In most conventional ammonia plants, natural gas is processed in primary and secondary reformers to generate hydrogen, and the reformed gas stream is then subjected to a shift conversion for additional hydrogen production after excess heat has been recovered from the reformed gas stream. In a still further step, acid gases (here: carbon dioxide) are removed and residual carbon monoxide (CO) and carbon dioxide (CO2) are converted into methane in a downstream methanator. The resulting raw synthesis gas stream is then passed into the synthesis loop for production of ammonia, wherein the nitrogen is typically provided from process air that is fed into the secondary reformer.
Typically, an ammonia plant will use a stoichiometric amount of process air in the secondary reformer to maintain a hydrogen to nitrogen molar ratio of 3 to 1 in the methanator effluent gas (raw synthesis gas), which is typically the make-up gas to the ammonia synthesis loop. Where desirable, production capacity can be increased by introducing excess air and then by removing excess nitrogen from the syngas stream by combination of gas expansion, autorefrigeration, and cryogenic separation as for example described in U.S. Pat. No. 3,442,613 to Grotz. While Grotz's configuration is relatively effective in some ammonia production plants, retrofitting of existing plants is problematic since the expansion step requires considerable increase in front-end pressure in a ammonia synthesis plant and thereby typically necessitates retrofits/rebuilds to accommodate for the increased pressure.

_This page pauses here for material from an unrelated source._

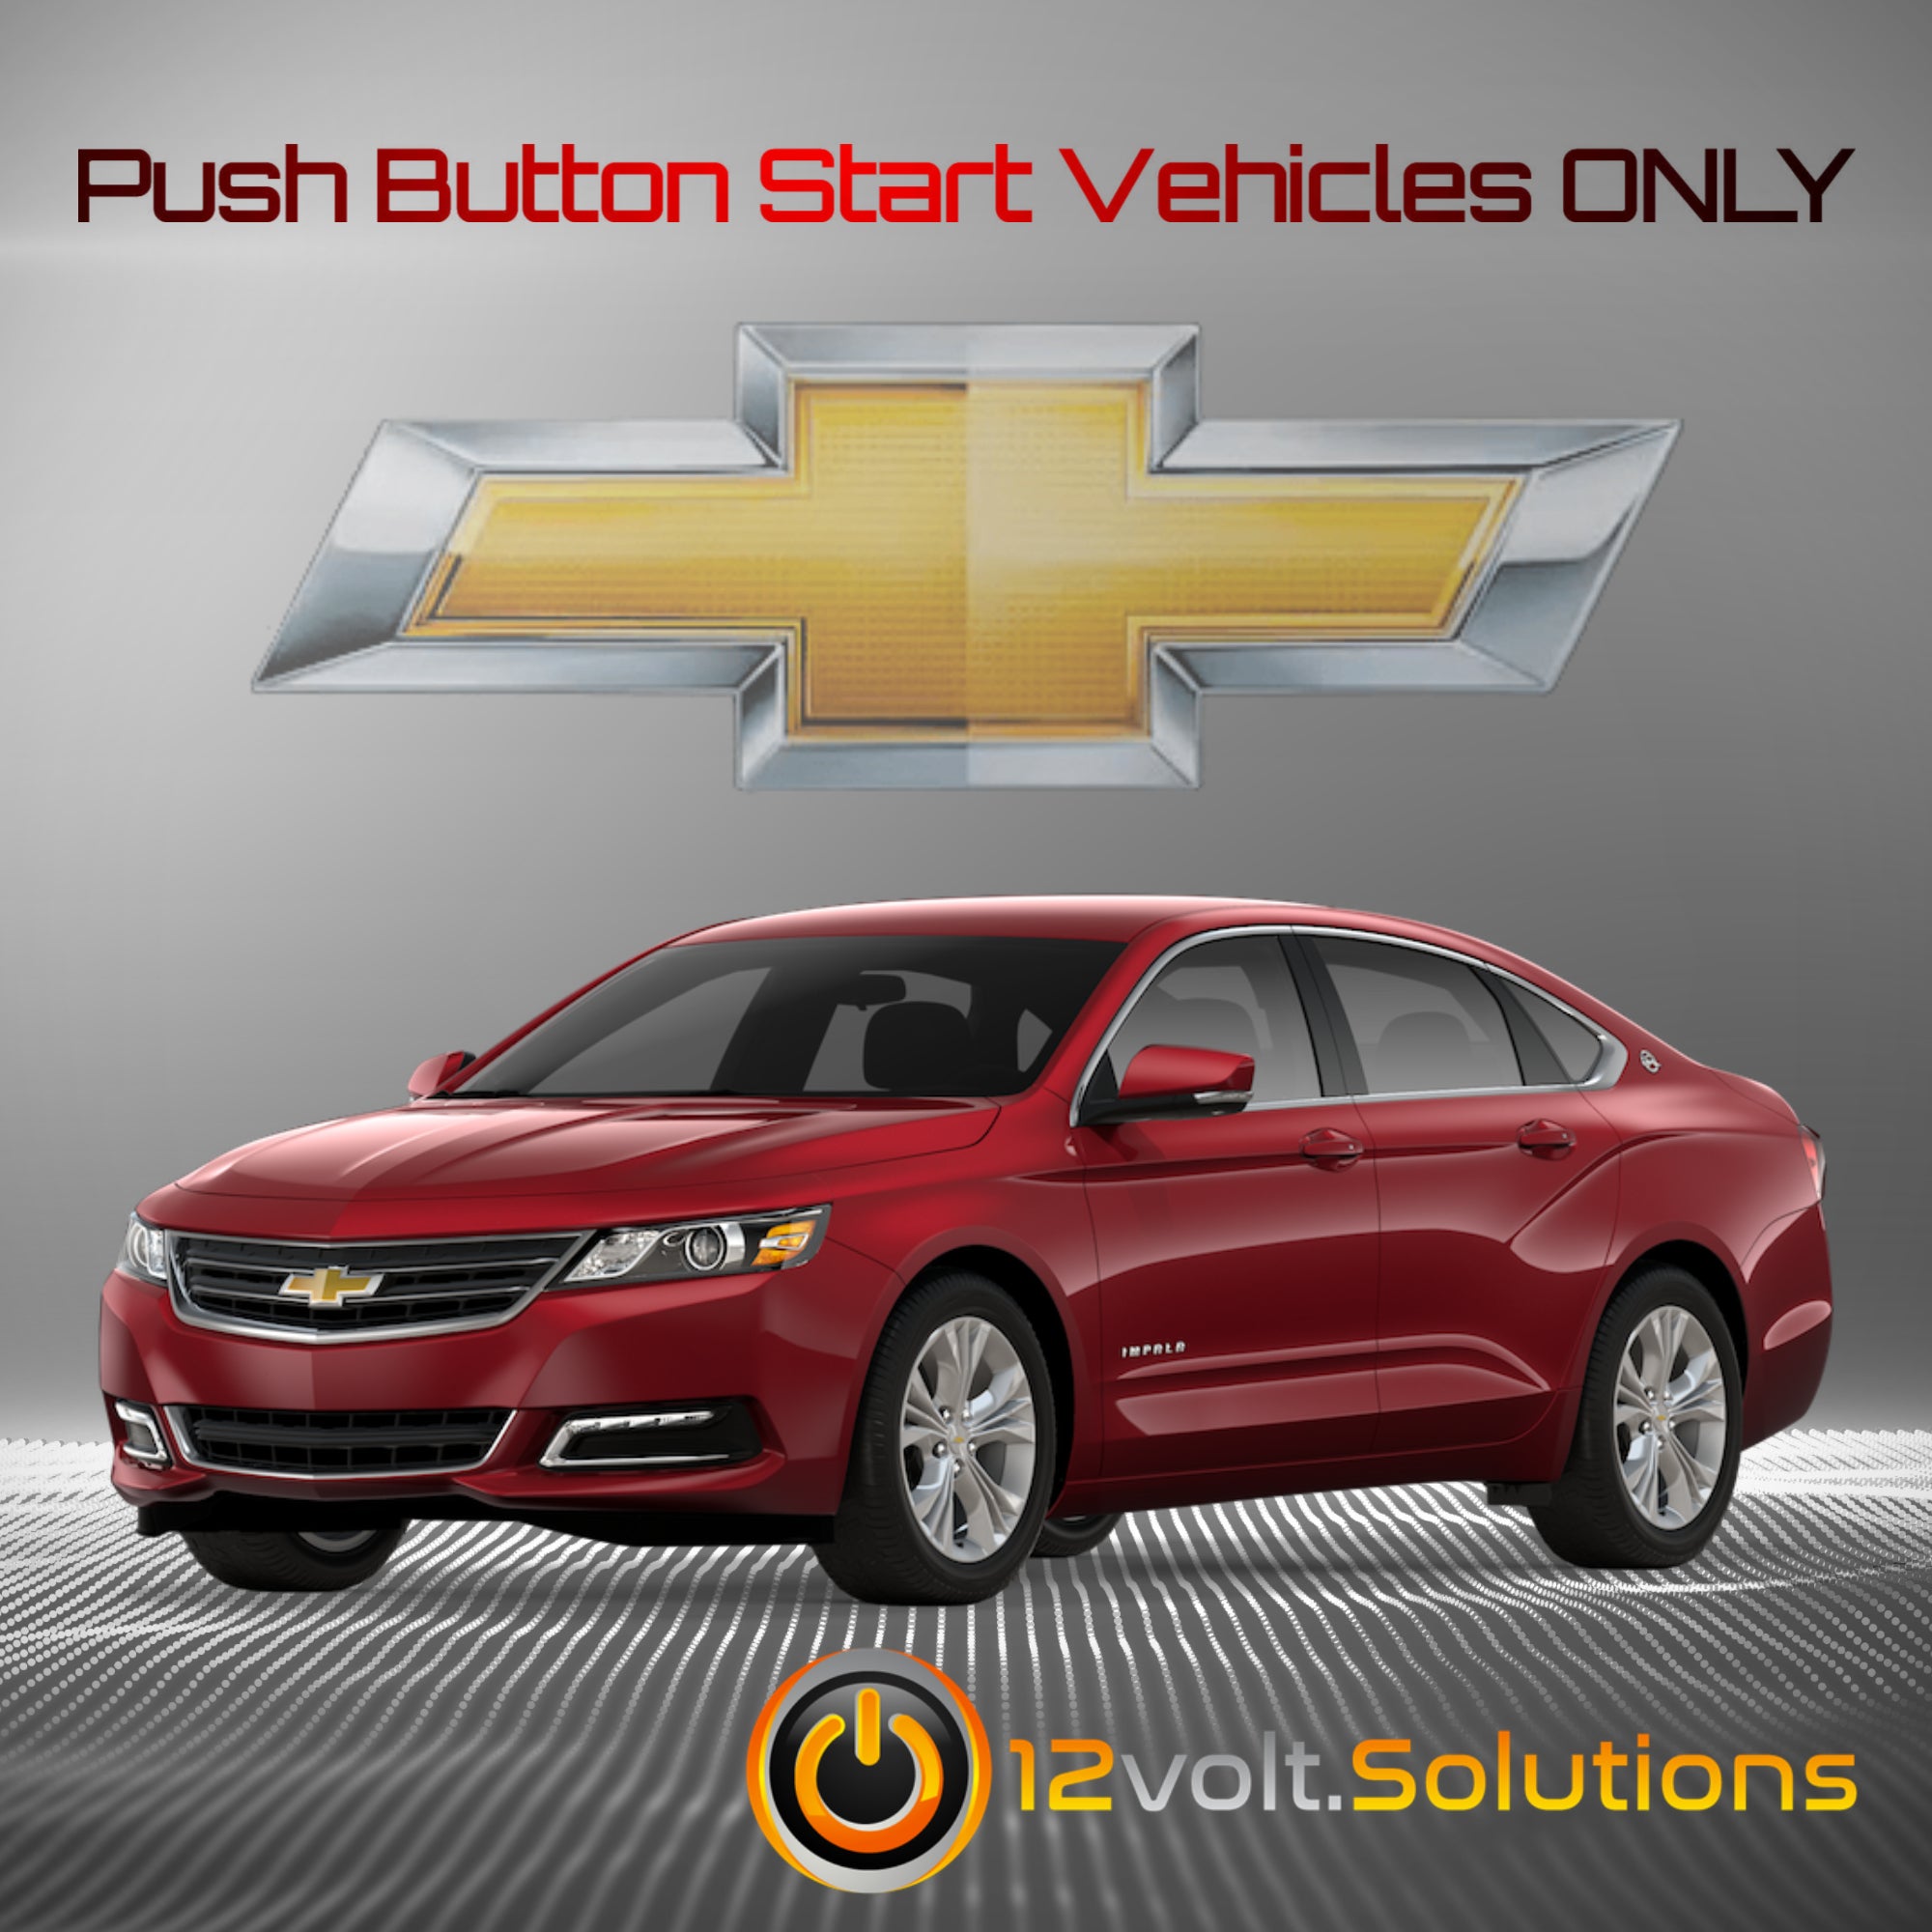 2014-2020 Chevrolet Impala Plug and Play Remote Start Kit (Push Button Start)-12Volt.Solutions

To circumvent at least some of the problems associated with retrofitting existing ammonia synthesis production plants, Bhakta describes in U.S. Pat. No. 5,935,544 a configuration in which a purifier process has been applied to a low methane content syngas with moderate N2 excess, wherein an external refrigeration step produces a syngas with sufficiently low inert content to significantly increase synthesis capacity or decrease in synthesis loop pressure. Although Bhakta's configuration overcomes in many cases the need for retrofitting existing plants, Bhakta's configuration is typically limited to relatively narrow process parameters in order to provide satisfactory improvements in synthesis capacity.
In yet other known plant configurations (see e.g., our commonly owned International patent application with publication number WO 03/002459), an ammonia plant includes a separation system upstream of a synthesis loop that removes excess nitrogen and other gaseous compounds from a feed gas having a ratio of hydrogen to nitrogen of less than 3:1 to thereby produce a syngas with a ratio of hydrogen to nitrogen at about 3:1. In particularly preferred systems, a coldbox with a refrigerant other than air, or pressure swing adsorption unit operates as the separation system. While such configurations provide numerous advantages over previously known ammonia plants, demands for excess air are still relatively high.
Therefore, despite numerous known configurations and processes for improvements of ammonia synthesis, all or almost all of them suffer from one or more disadvantages. Thus, there is still a need to provide improved methods and configurations for ammonia synthesis.